N
nitya
Building generative AI applications starts with model selection and picking the right model to suit your application needs. The Azure AI Model Catalog offers over 1.78K models, including foundation models from core partners and nearly 1.6K open-source models from the Hugging Face community. This post is part of a monthly series to raise awareness of new models added to the Hugging Face collection on Azure. Check out the previous Hugging Face Models roundup post here.
The Hugging Face model hub has over 1M models. We select ~20 models each month to add to Azure based on feedback from our customers and developer community. Want to request a specific Hugging Face model be added? Make the request in just 3 steps:
- Search the Hugging Face Hub for the desired model - click to view its Model Card.

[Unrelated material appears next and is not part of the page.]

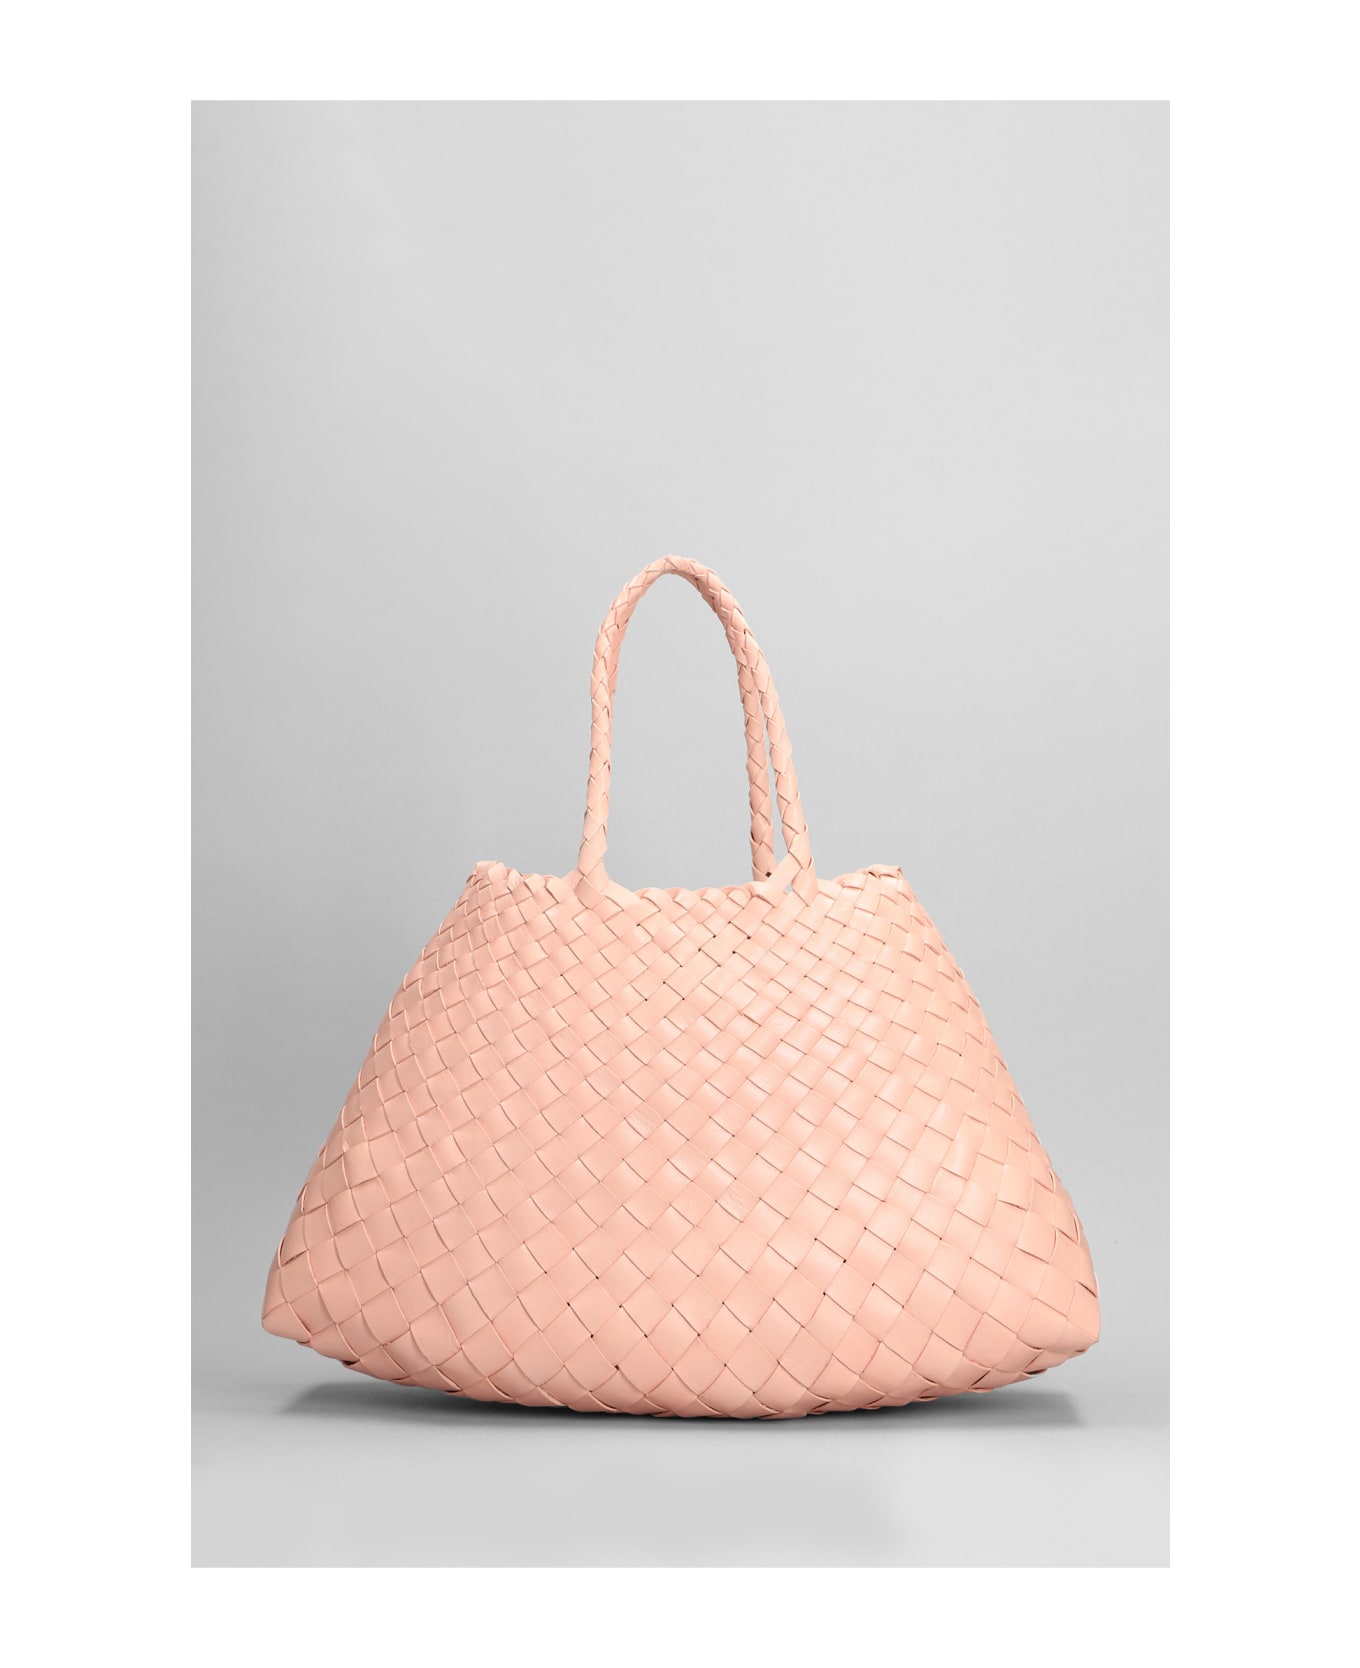 Dragon Diffusion Santa Croce Small Tote In Rose-pink Leather - rose-pink

- Click the “Deploy” dropdown on that page - select the Azure ML option.
- Look for a “Request to add” button in the pop-up dialog and complete the flow.
If the model already exists in the Azure AI model catalog, you will see a “Go to model in Azure ML” button that should direct you to the model card on Azure AI Studio.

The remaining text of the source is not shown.